(Information supplied)
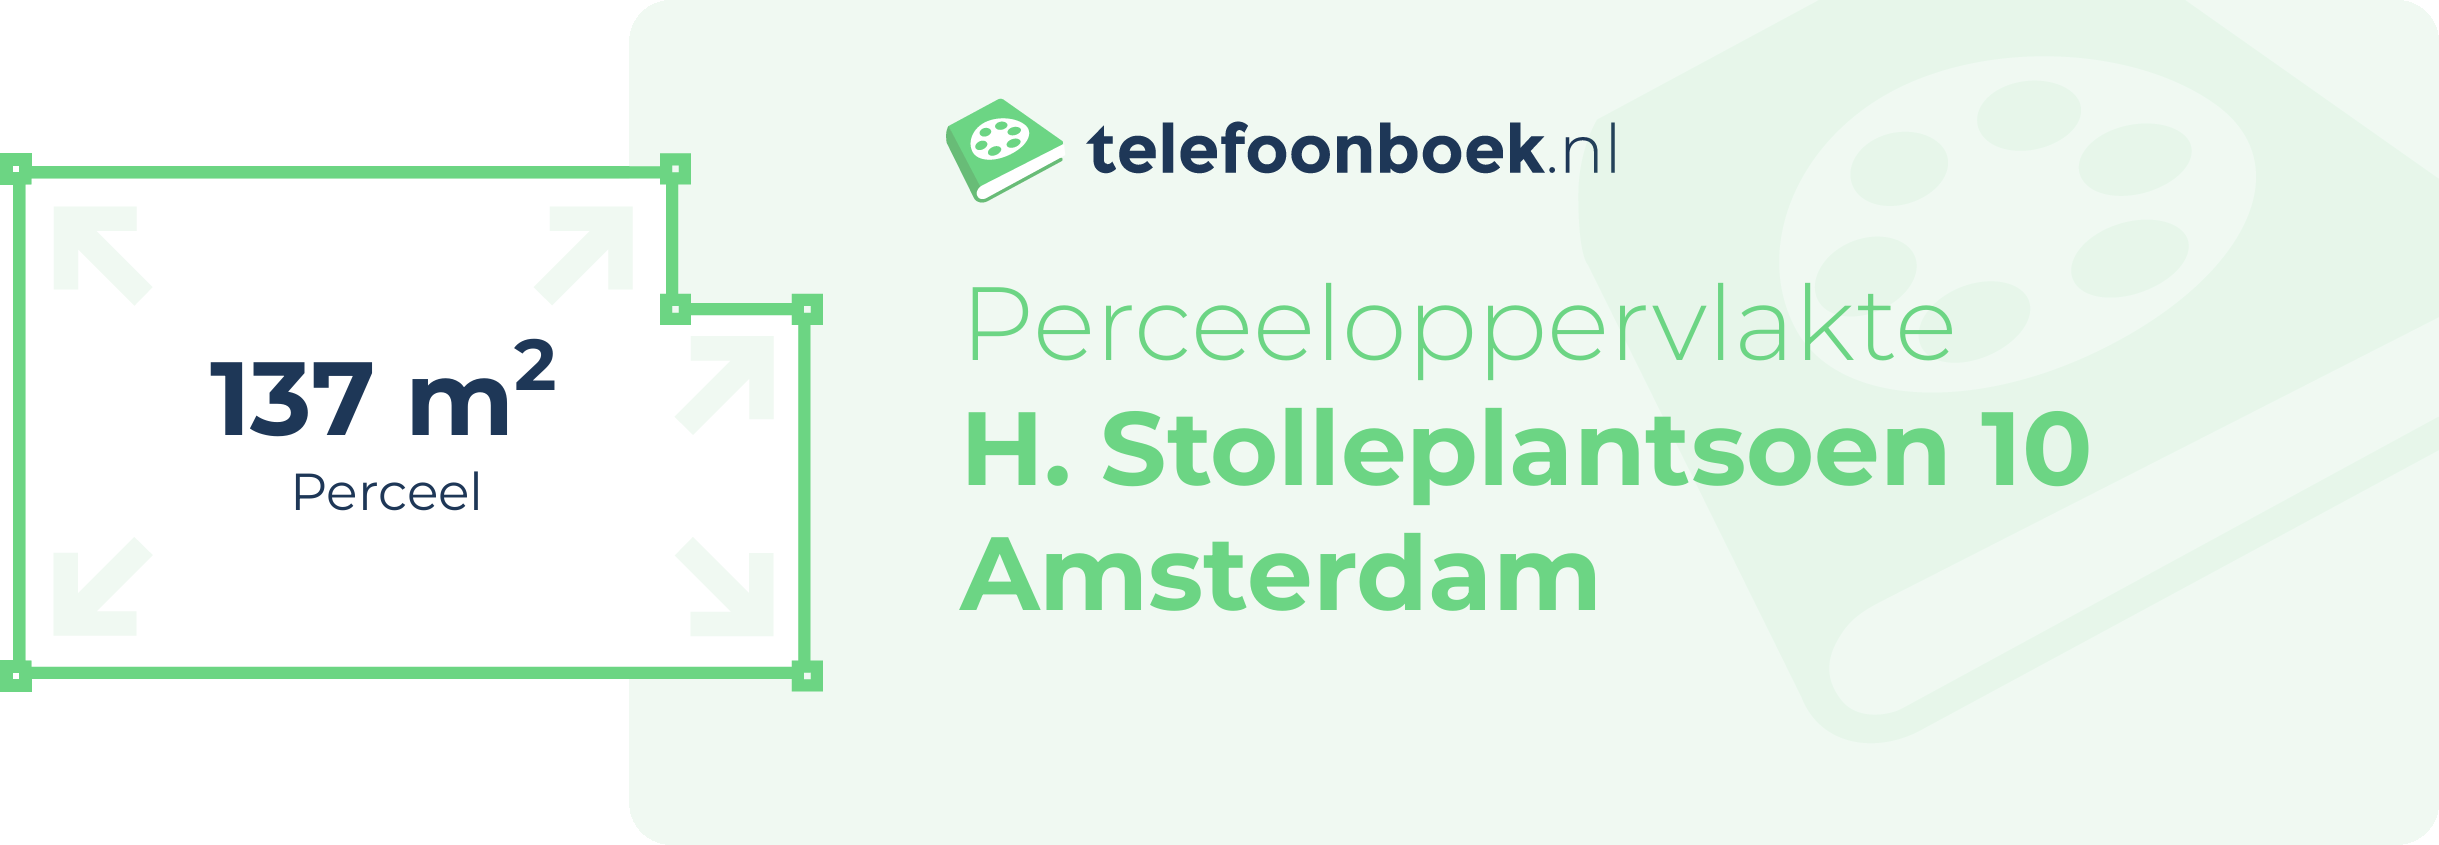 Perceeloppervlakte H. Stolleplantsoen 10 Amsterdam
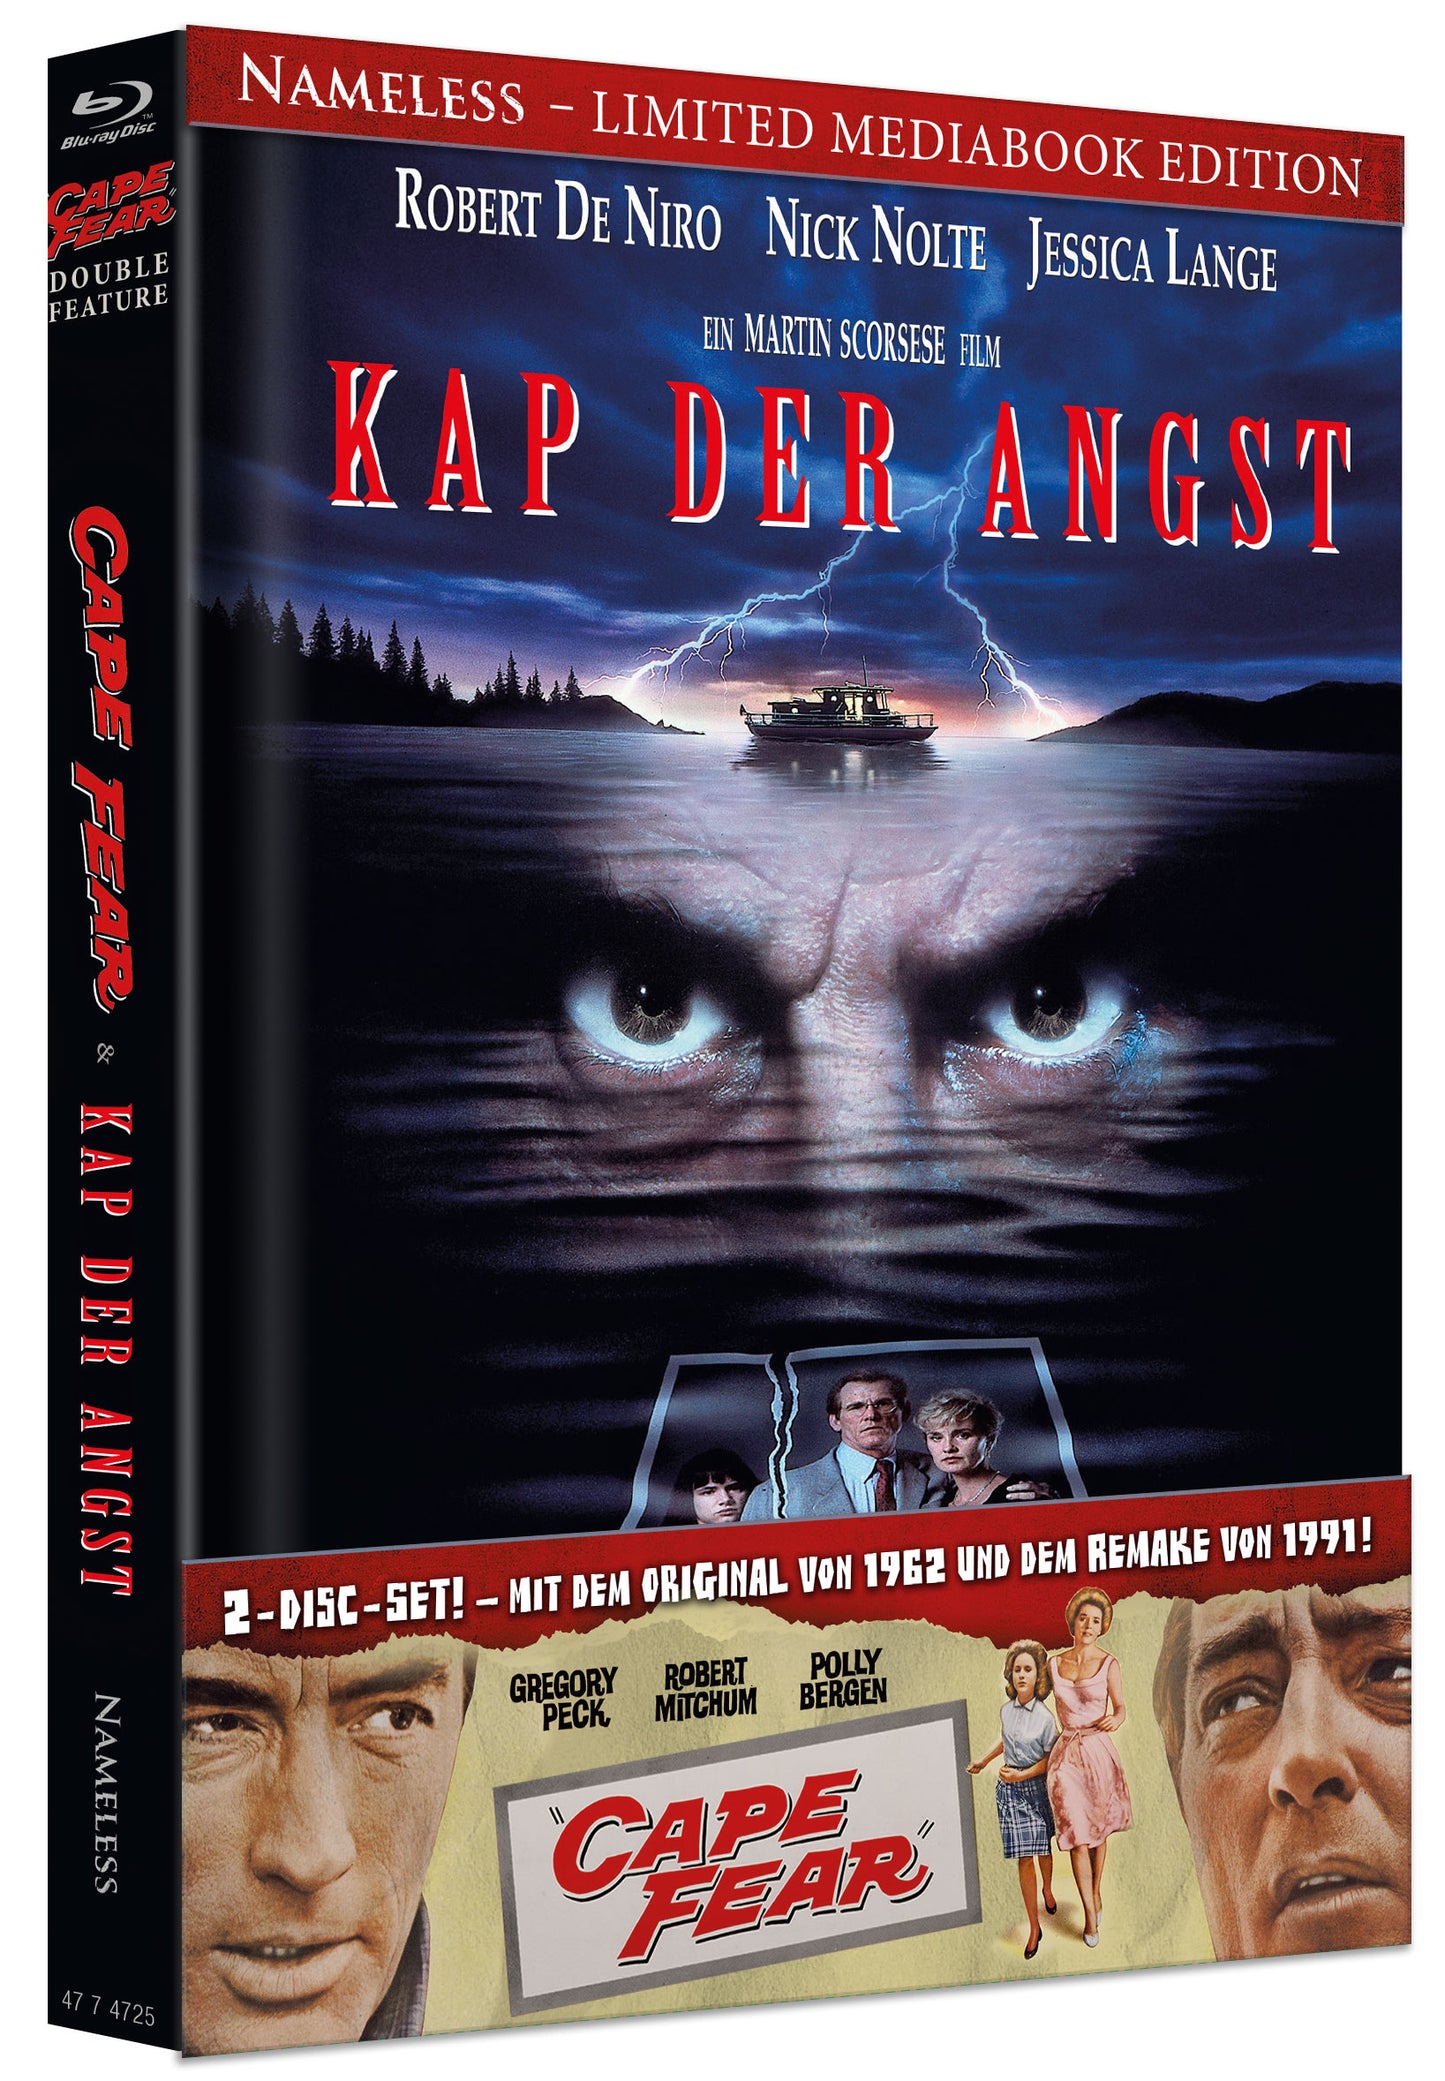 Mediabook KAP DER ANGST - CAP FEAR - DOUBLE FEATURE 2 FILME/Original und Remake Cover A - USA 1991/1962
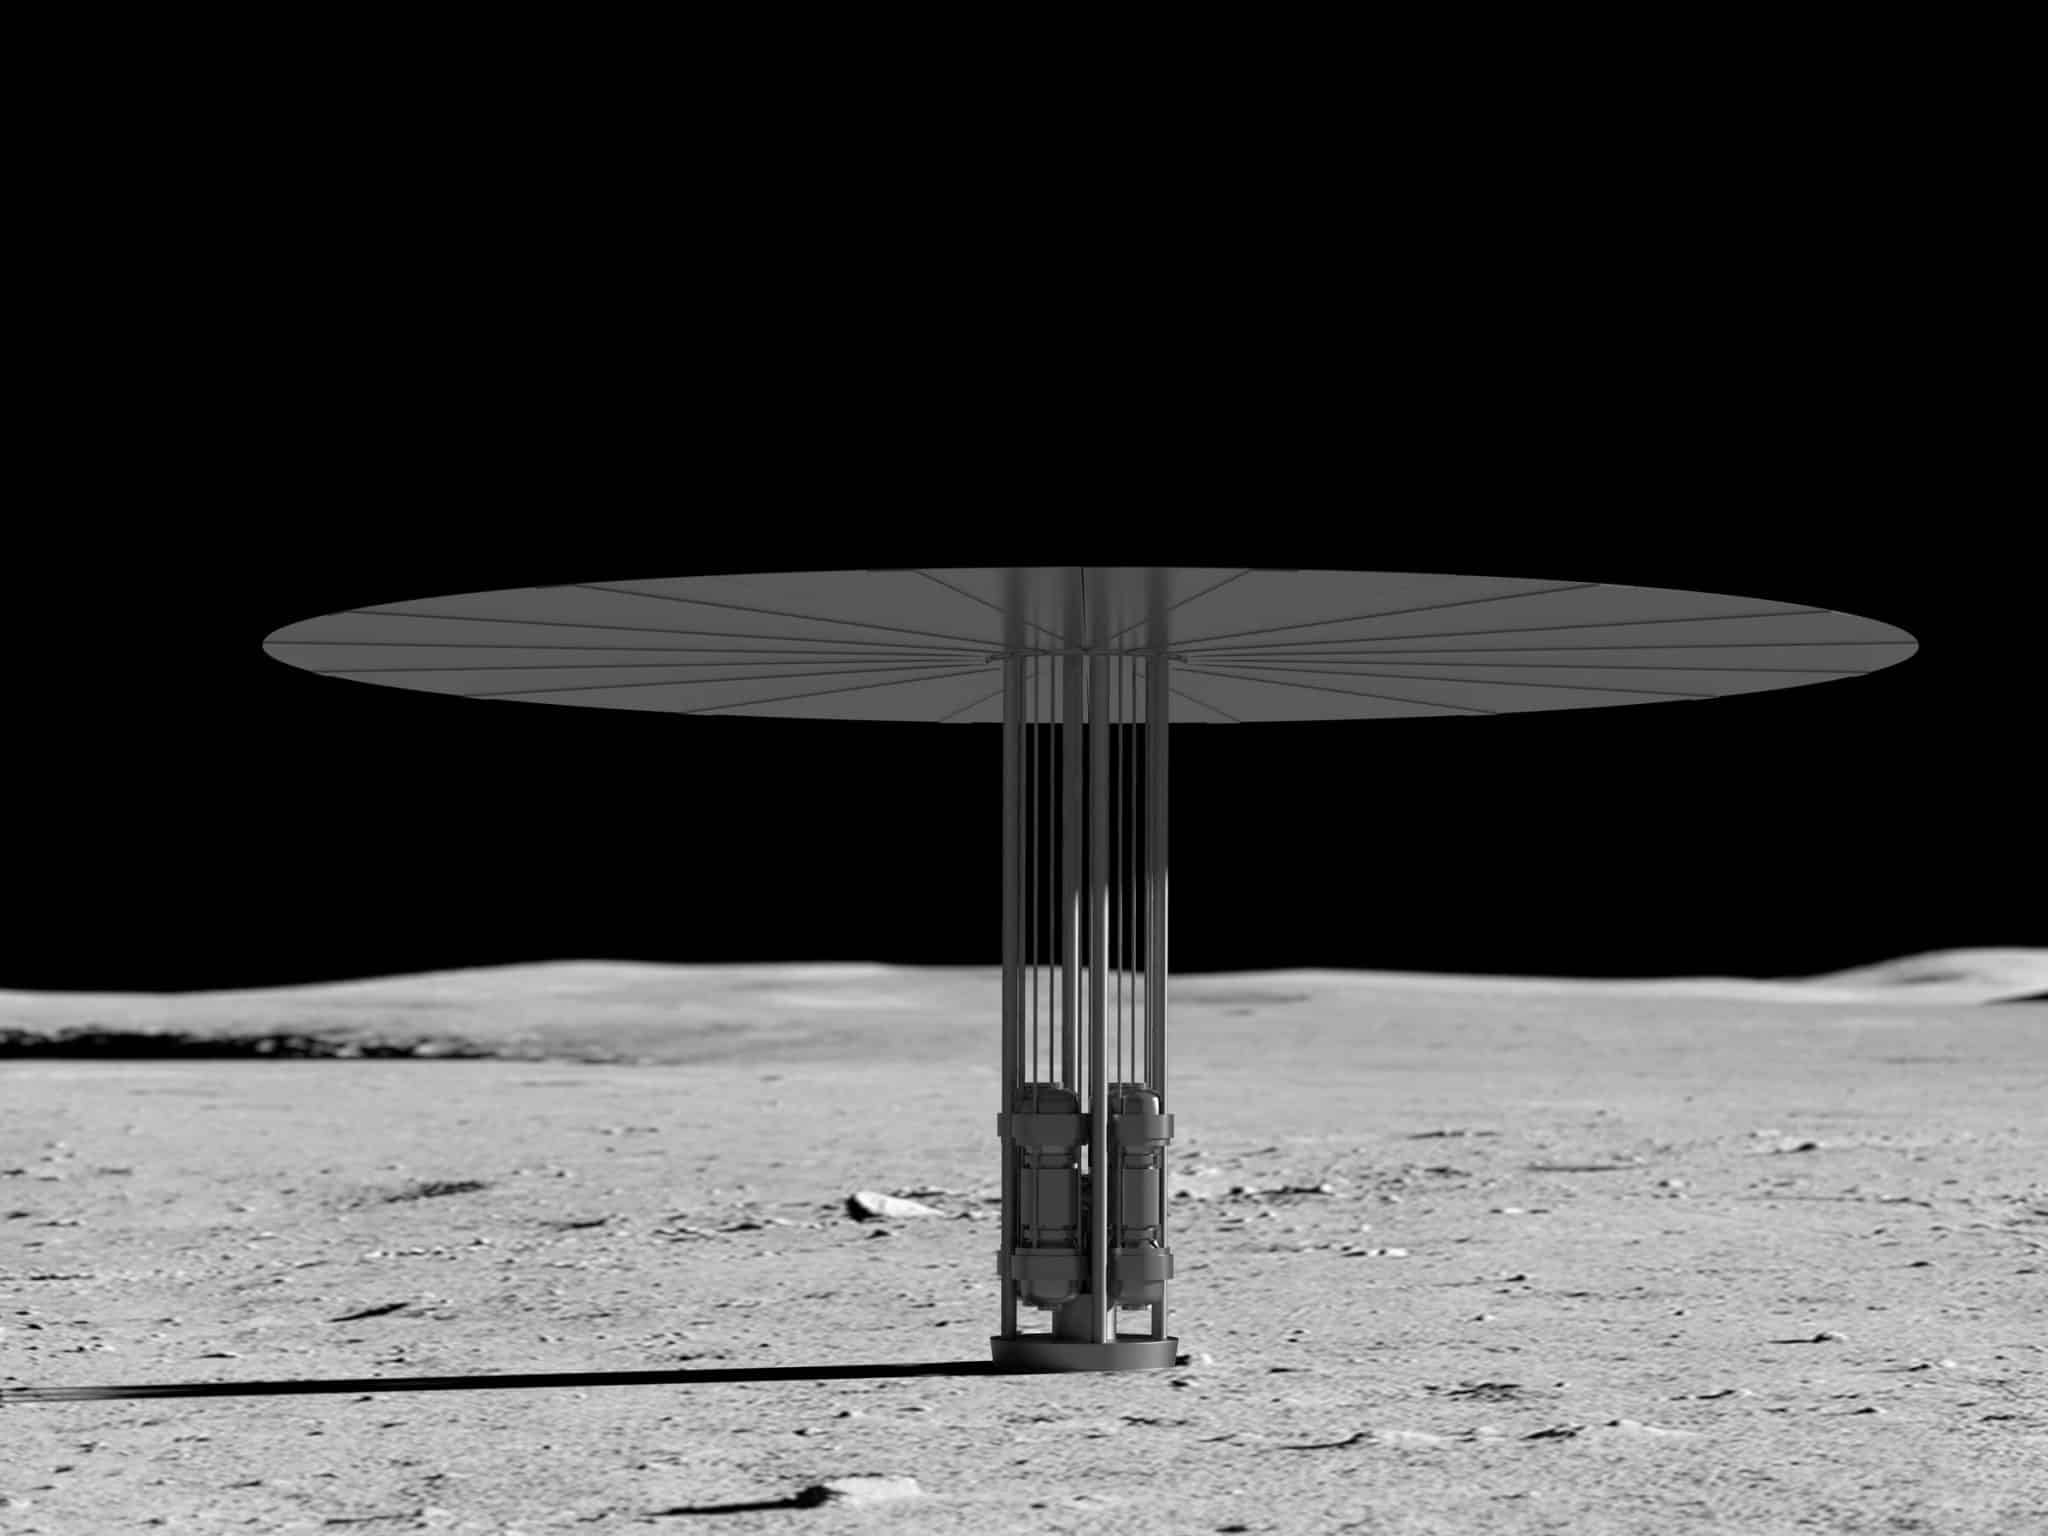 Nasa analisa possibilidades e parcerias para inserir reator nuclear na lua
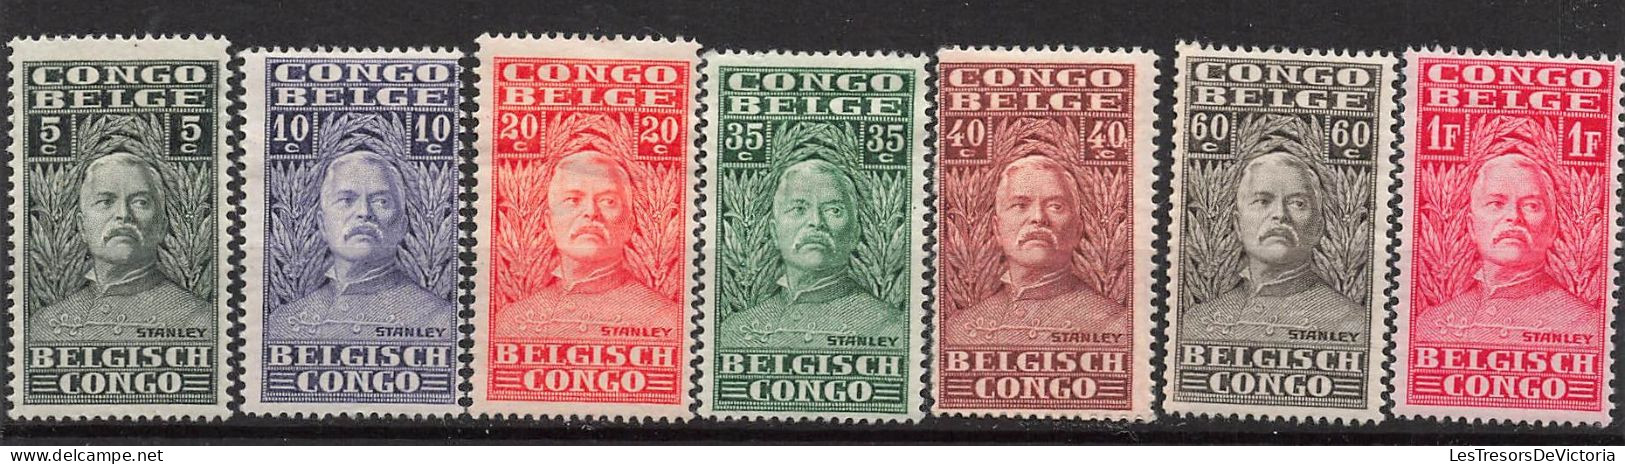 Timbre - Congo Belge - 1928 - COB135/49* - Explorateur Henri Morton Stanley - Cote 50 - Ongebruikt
(End Information supplied)
Task details
Counting both ends, reproduce word for word the lines from the line with "Mediabook KAP DER" to the final line of the listing above, skipping every picture.

Answer
 Mediabook KAP DER ANGST - CAP FEAR - DOUBLE FEATURE 2 FILME/Original und Remake Cover A - USA 1991/1962
 Nasa analisa possibilidades e parcerias para inserir reator nuclear na lua
 Timbre - Congo Belge - 1928 - COB135/49* - Explorateur Henri Morton Stanley - Cote 50 - Ongebruikt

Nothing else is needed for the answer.